* RECORDED DATA *

● ● ● ● ●

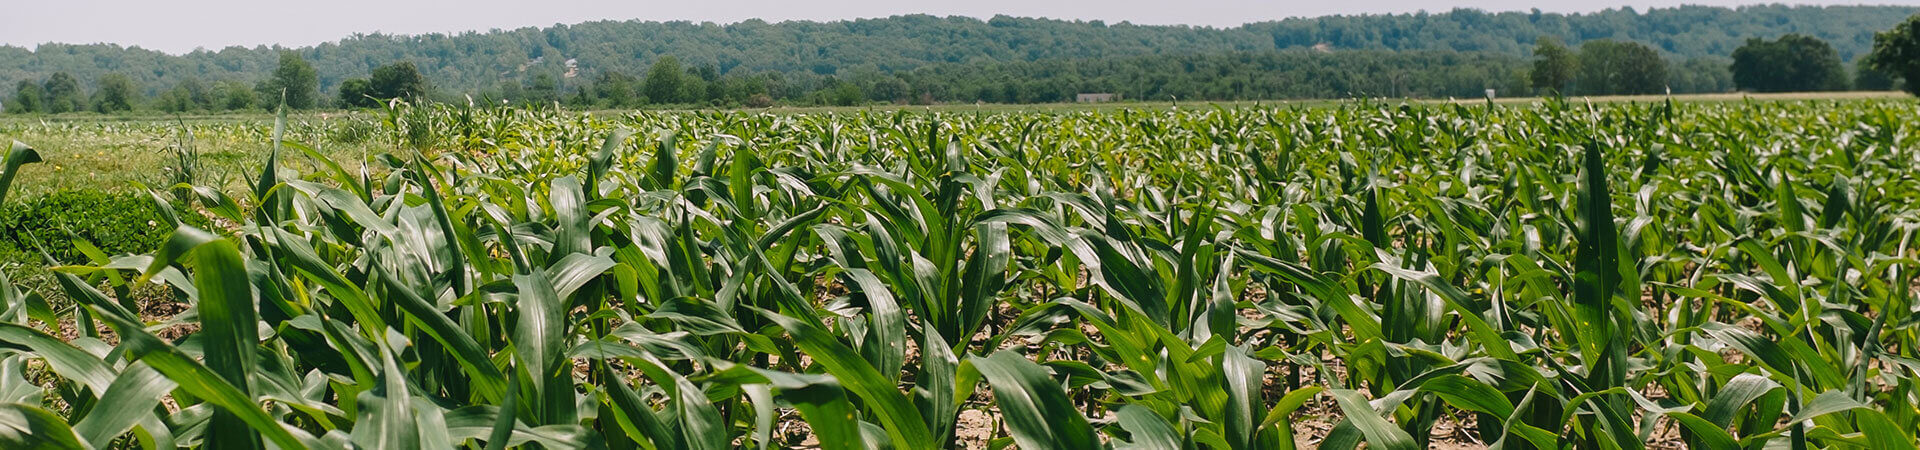 Field of corn.
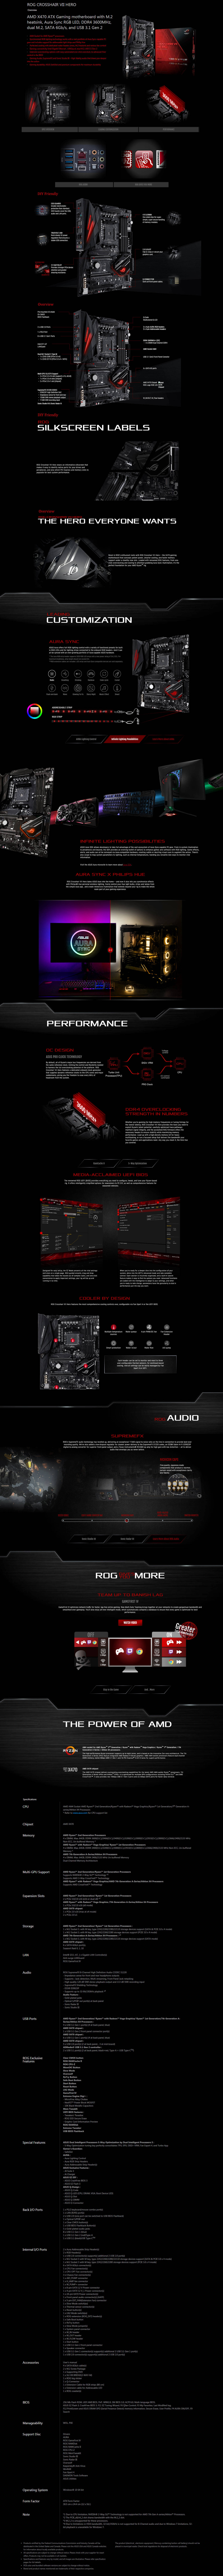  Buy Online Asus ROG Crosshair VII Hero AMD AM4 Socket Motherboard
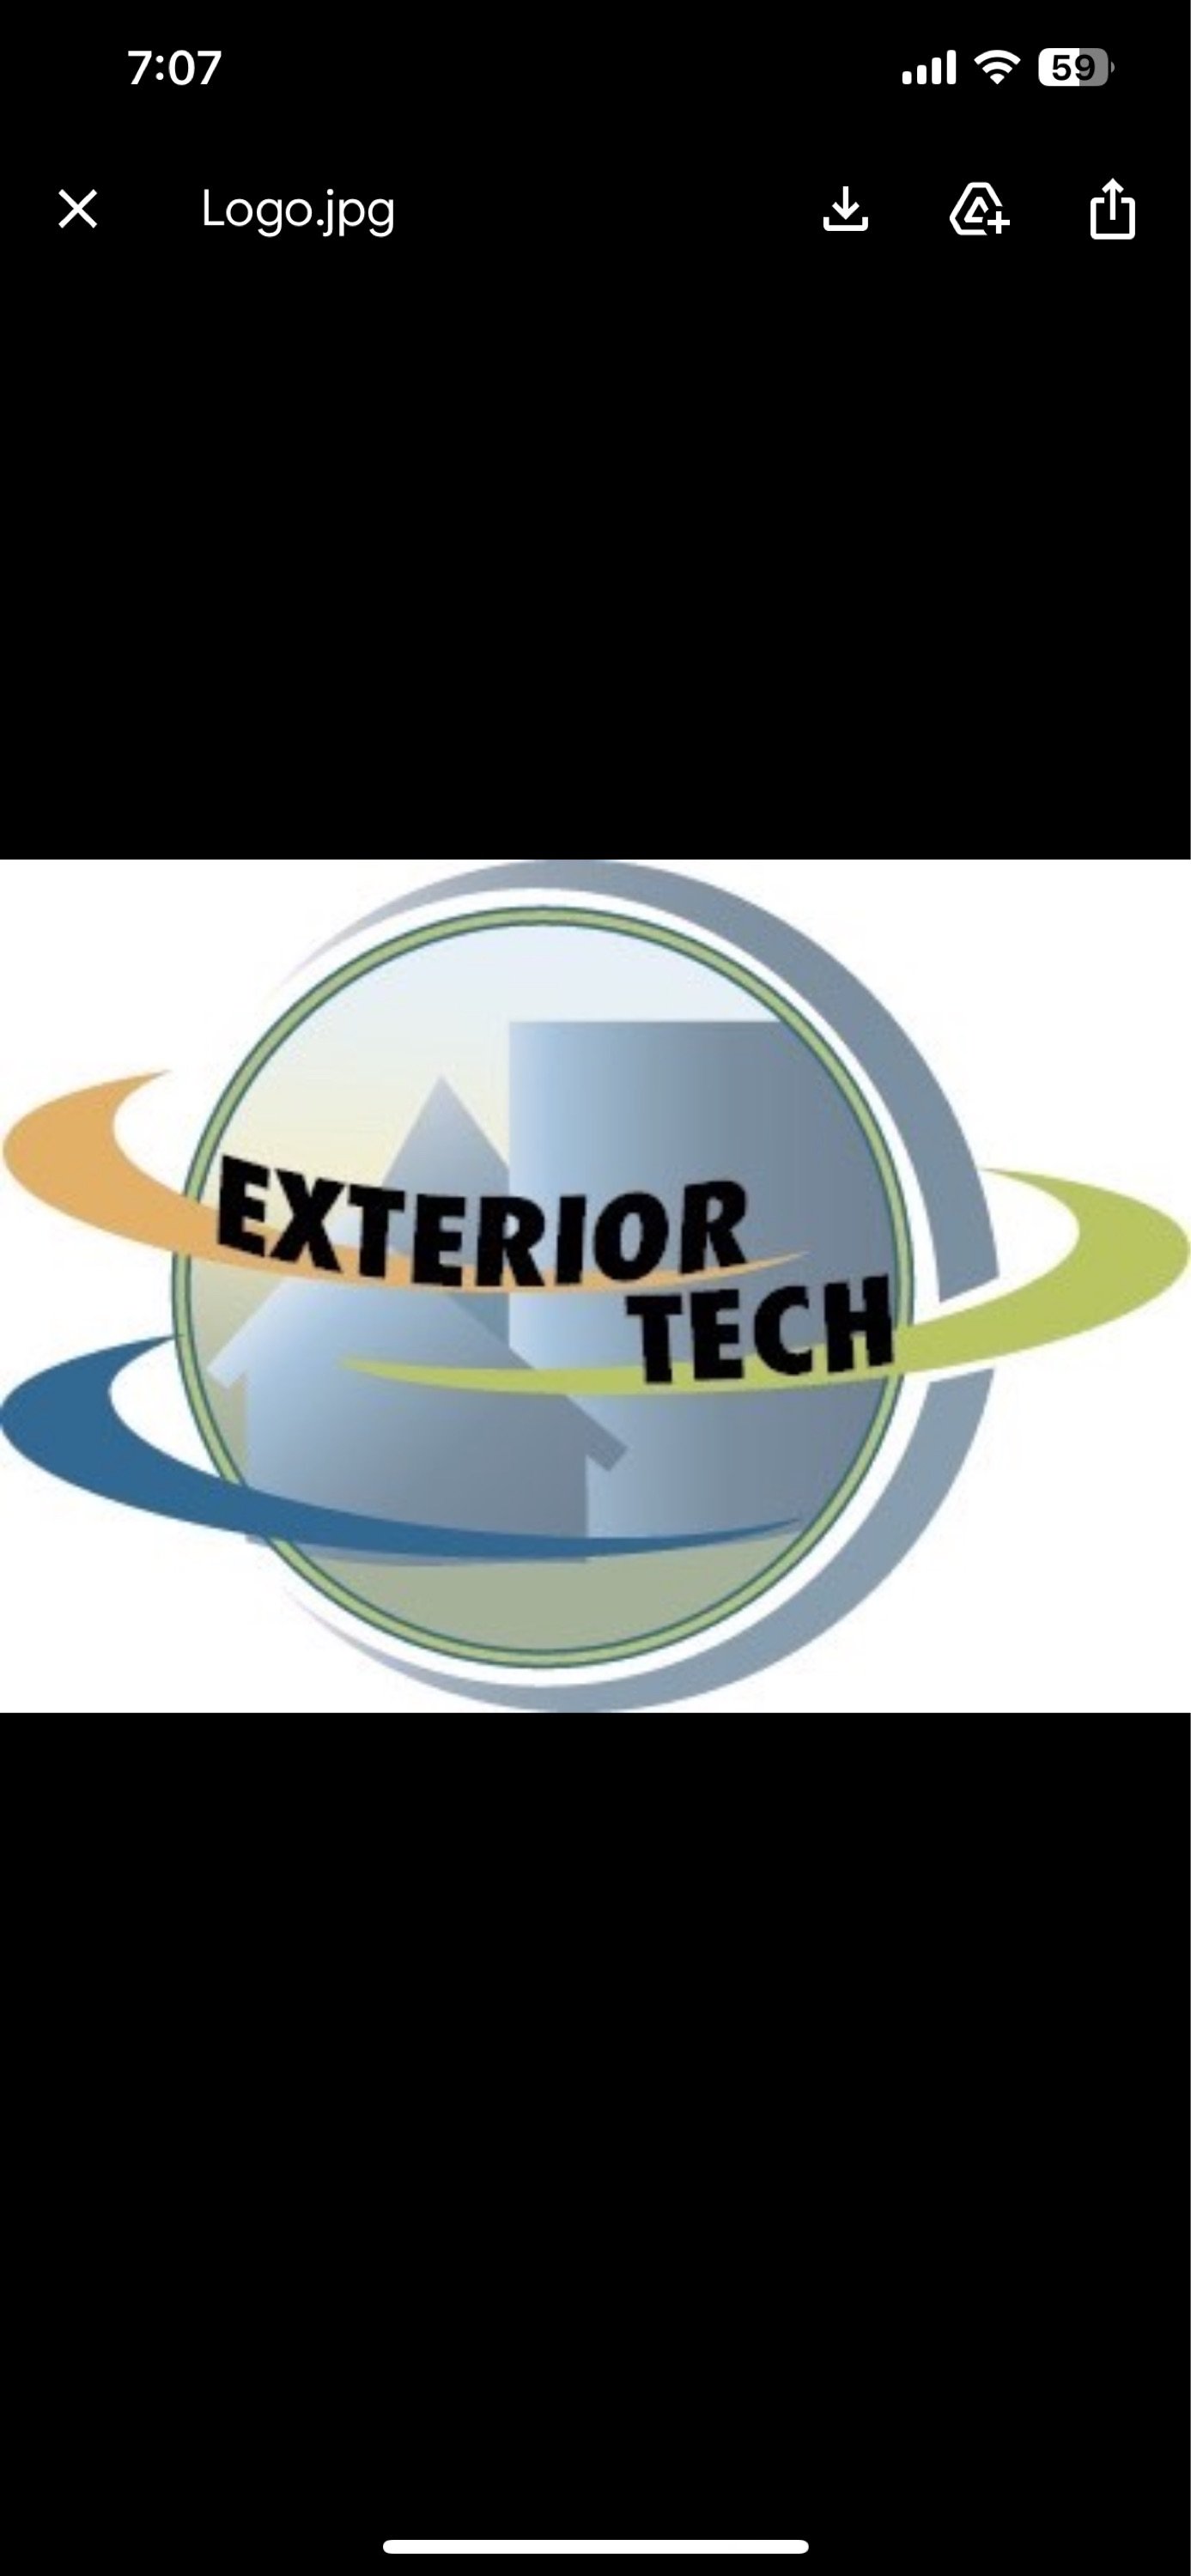 Exterior Tech Siding & Roofing Logo
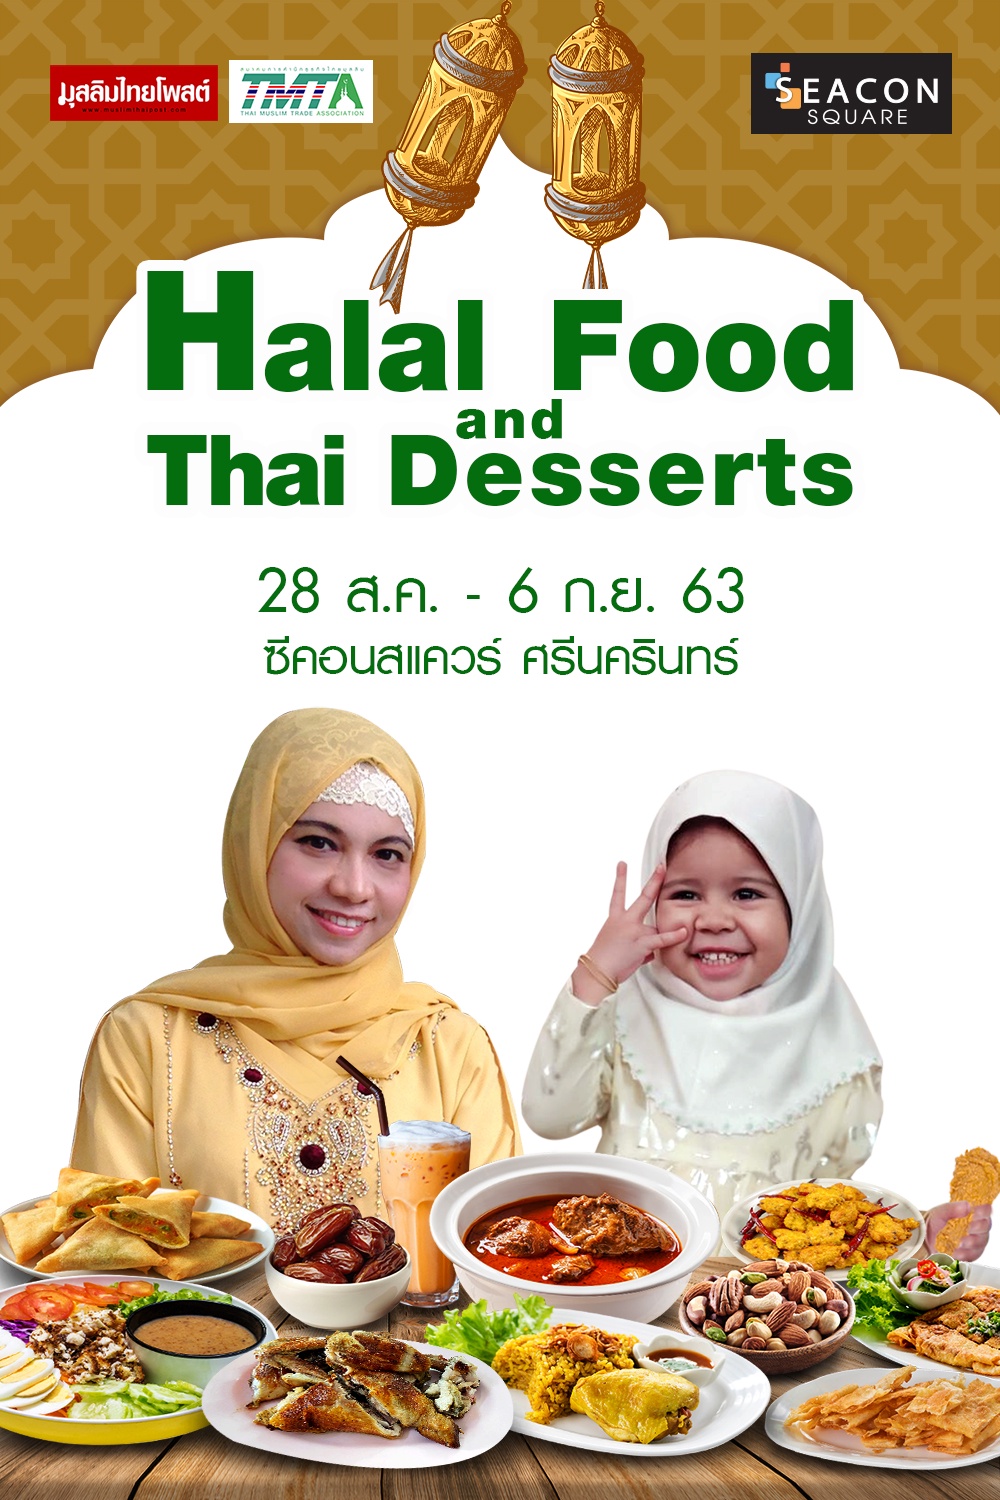 ซีคอนสแควร์ จัดงาน Halal Food and Thai Desserts เสิร์ฟสารพัดเมนูอาหารฮาลาลครั้งใหญ่แห่งปี
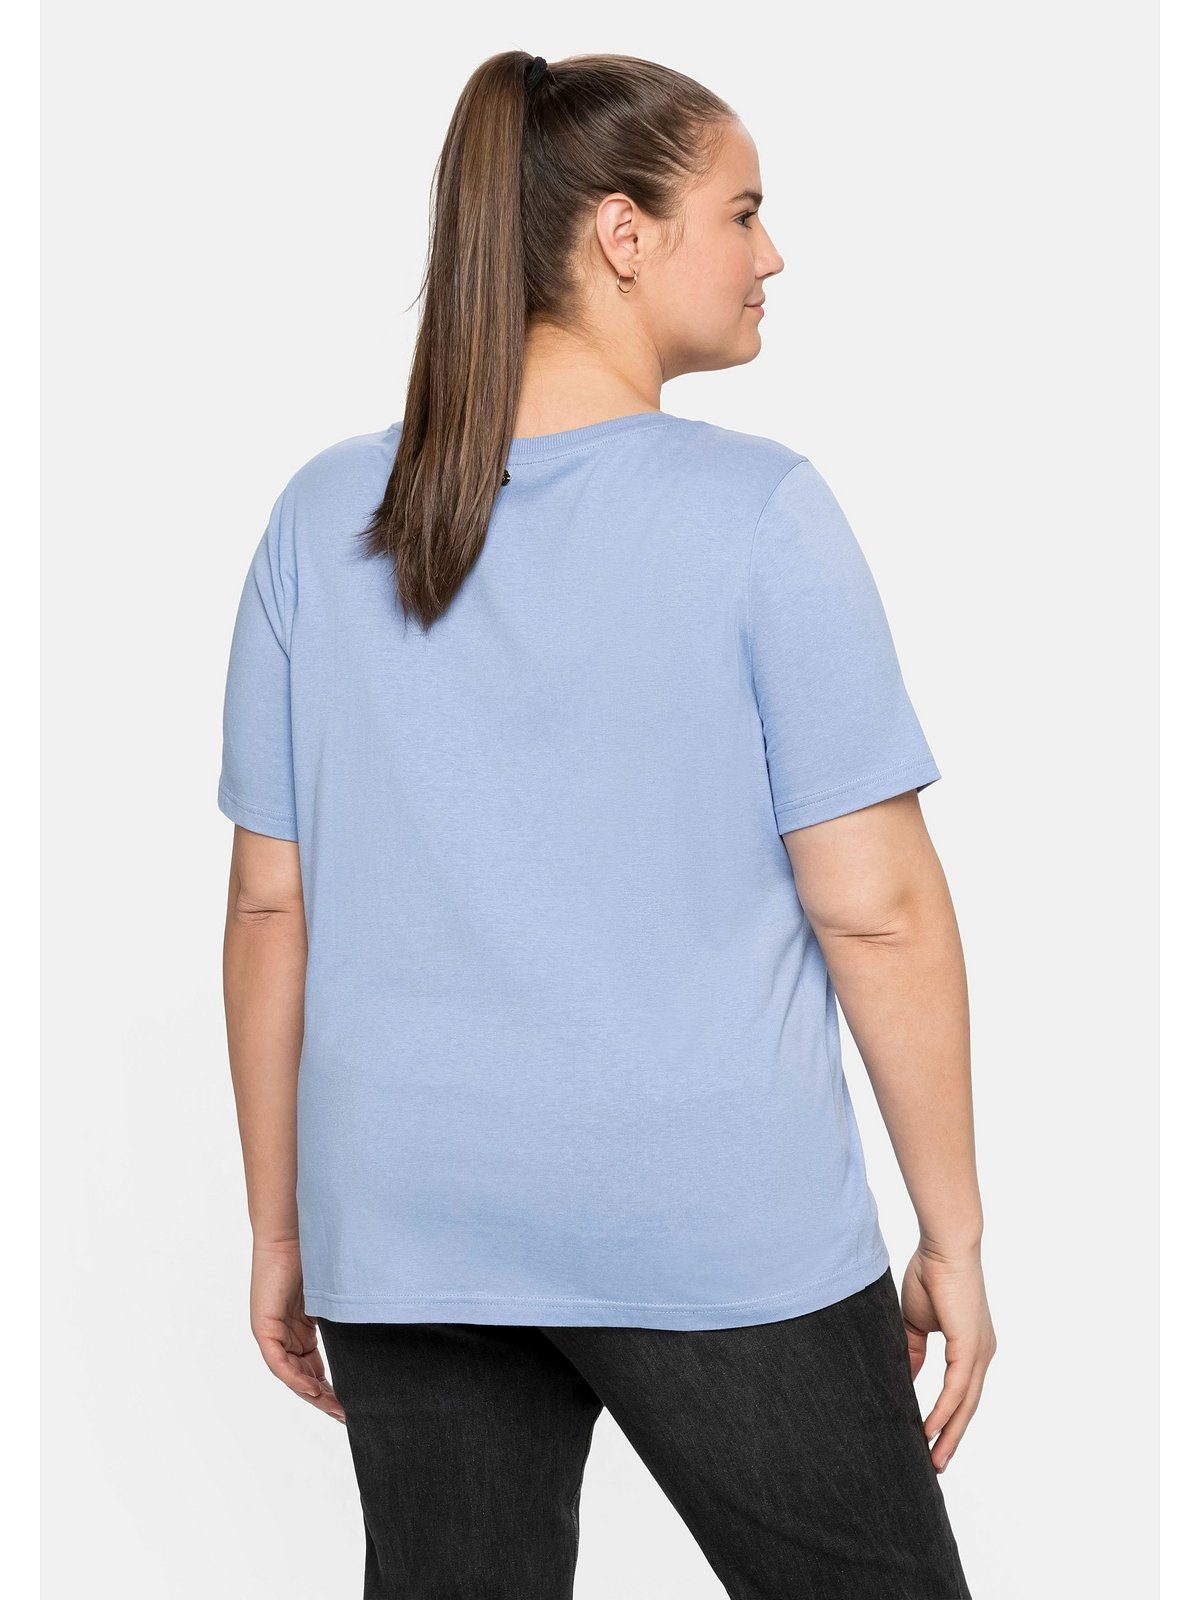 Sheego T-Shirt Große Größen schimmerndem und Glitzersteinen mit Frontdruck

● ● ● ● ●

* TASK ITEM *
With the pictures removed, write out exactly the lines from the line containing "Buy Online Asus" through the last line of the material above, both included.

* SOLUTION TO THIS EXERCISE *
  Buy Online Asus ROG Crosshair VII Hero AMD AM4 Socket Motherboard
 Exterior Tech Siding & Roofing Logo
 ซีคอนสแควร์ จัดงาน Halal Food and Thai Desserts เสิร์ฟสารพัดเมนูอาหารฮาลาลครั้งใหญ่แห่งปี
 Sheego T-Shirt Große Größen schimmerndem und Glitzersteinen mit Frontdruck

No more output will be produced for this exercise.